COPO Camaro, Chevelle & Nova
Chevrolet’s Ultimate Muscle Cars, includes Corvair & Vega
COPO is the acronym by which the business function at Chevrolet of receiving orders from its dealers for new production vehicles that were outside Regular Production Orders (RPOs) due to “specification requirements differing from those normally furnished for basic production vehicles” was known: Central Office Production Orders.
Tom Hoxie, with whom your commentator was acquainted during the years he headed Western Area Chevrolet public relations, had worked in the Central Office in the 1960s and well into the ‘70s. In his book American Muscle published in 1990 author Randy Leffingwell quoted Hoxie as he explained that COPO “was set up for fleet sales. A buyer would come to us wanting fifty or 100 vehicles with some sort of special equipment. We had a committee that would spec out the vehicle, set a price and bid it back to the buyer. Vince Piggins, Chevrolet’s racing liaison, was an astute fellow and he figured since there was a whole system in place he could make this work to benefit the company.”
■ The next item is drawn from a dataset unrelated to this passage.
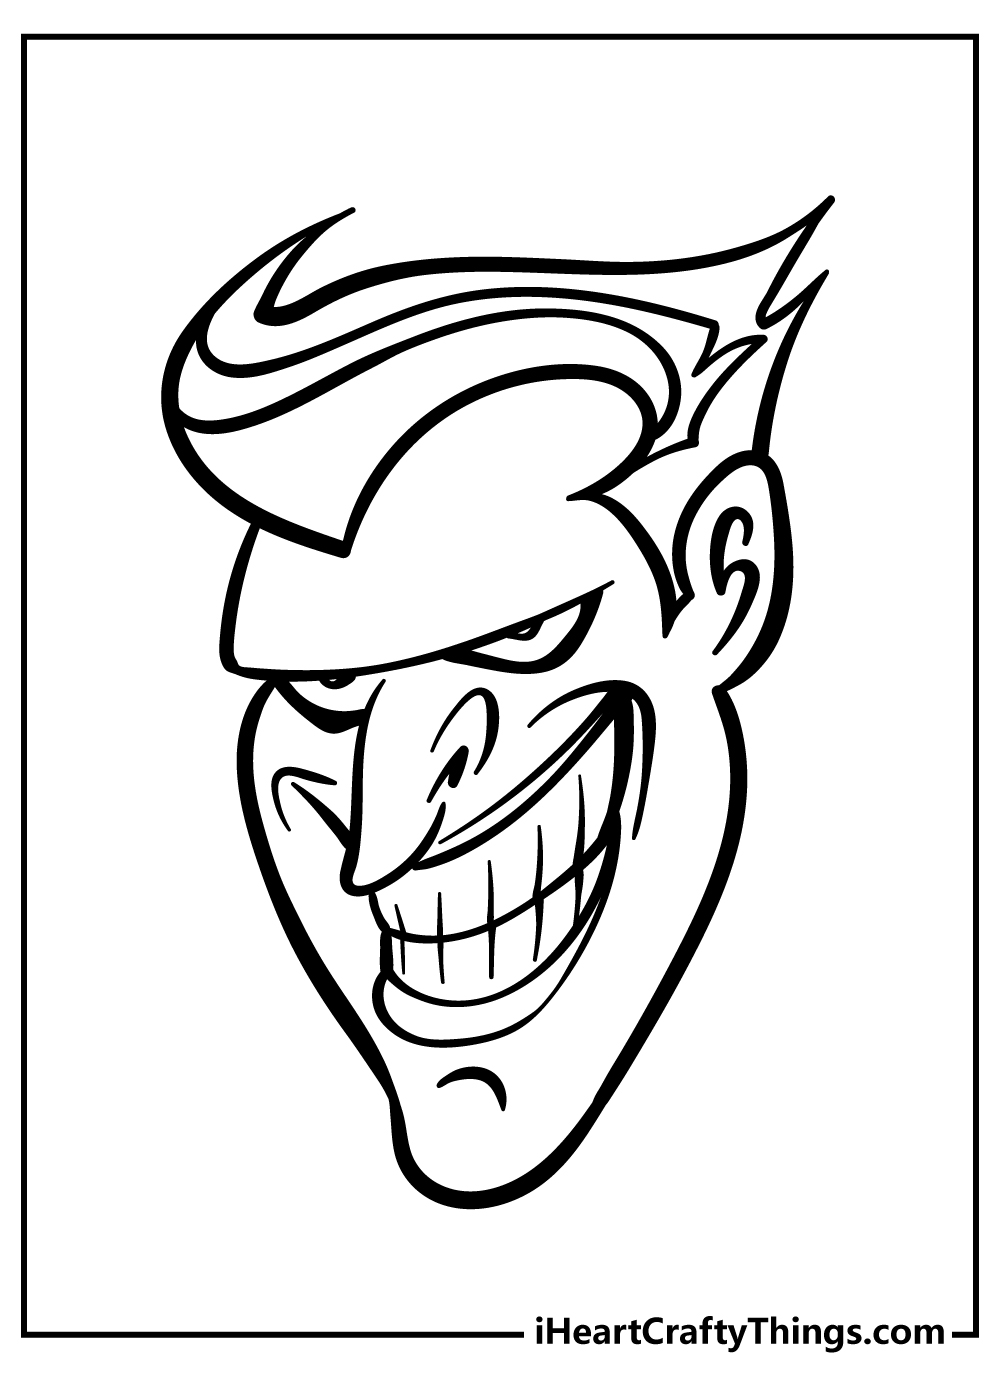 Joker Coloring Pages for kids free download

Those origins of COPO muscle were cemented when an enterprising Chevy dealer came up with a special order, convinced eleven more of his fellow dealers to join the “network” ordering/stocking and selling the 100 special-order Corsa Corvairs as required by the SCCA to permit them to run competitively in stock classes. That dealer was none other than Don Yenko.
As author Matt Avery continues his profile of various COPO Chevys, other names instantly recognizable to those familiar with this aspect of automotive history join the story and become part of the narrative—Nickey, Baldwin-Motion, drag race champ Dick Harrell known as Mr. Chevrolet, Chevy dealer Fred Gibb, and others.
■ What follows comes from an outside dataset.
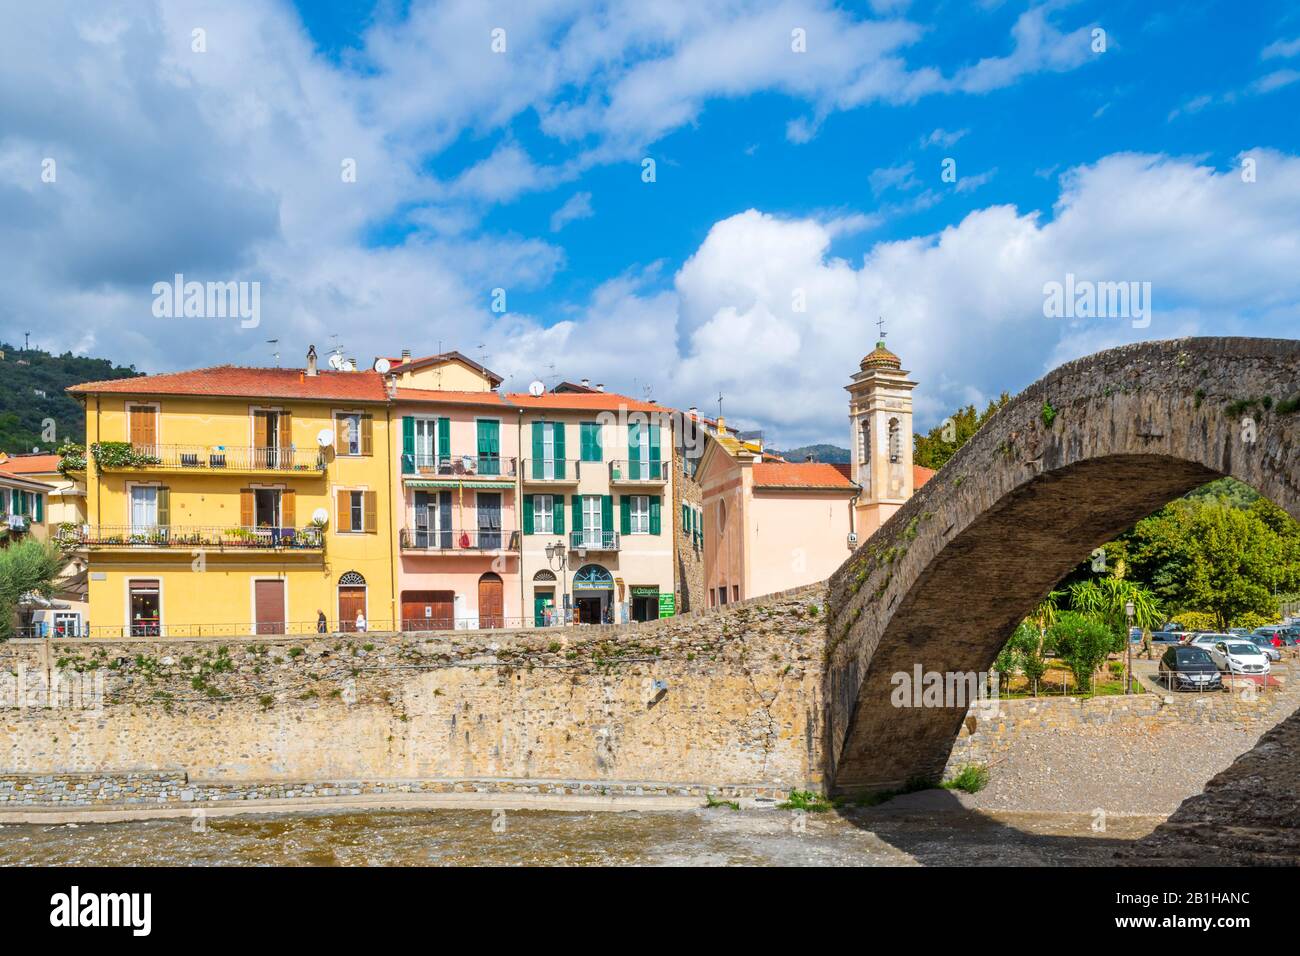 The famous, medieval Monet bridge with the Church of San Filippo next to it in the historic ancient hilltop city of Dolceacqua, Italy. Stock Photo

Avery does a very credible job presenting the quick cars he’s chosen to profile with clear writing and good detail on each. He’s also alluded to, and included, some of the intrigue that was going on behind the scenes. As an example, the highly respected and able Vince Piggins was an engineer attached to Chevrolet. Yet the named company he worked for, Southern Engineering and Development Corporation Operation known as SEDCO, indicated no GM, much less Chevy, association. But if you wrote to him his address was the GM Tech Center in Warren, Michigan!
The usefulness of the book as a reference is further enhanced by the two appendices. One lists—in order, and including each car’s VIN—all sixty-nine of the 1969 ZL1 Camaros, and detailing the factory COPO options of each. The second appendix does similarly for the fifty 1968 Gibb Novas also including each car’s VIN.
Ordering cars through or via COPO ended as the 1970s began. The engineering side of the story was told by engineer/author Paul Van Valkenburgh in his Chevrolet—Racing? Fourteen Years of Raucous Silence! 1957–1970 that was published in 1972 by Haessner and Associates and re-released as a second edition by the SAE in 2000.
But the mystic of COPOs never really faded. Thus, commencing in 2011, and every year since including the current 2019 models, Chevrolet has purposely built just sixty-nine Camaros each model year that proudly wear badging indicating they are COPOs. All are specially equipped and intended to be eyebrow-raising “go fast” machines for sportsman drag racers. It’s Chevrolet’s way of paying tribute to Vince Piggins, Don Yenko, and Fred Gibb who did so much to keep Bowtie-awareness front and center all those years ago.
Now, with this book, Matt Avery has made his contribution to expanding details of the COPO story to include specific extant vehicles in words and pictures for readers of this nearly third decade of the 21st century.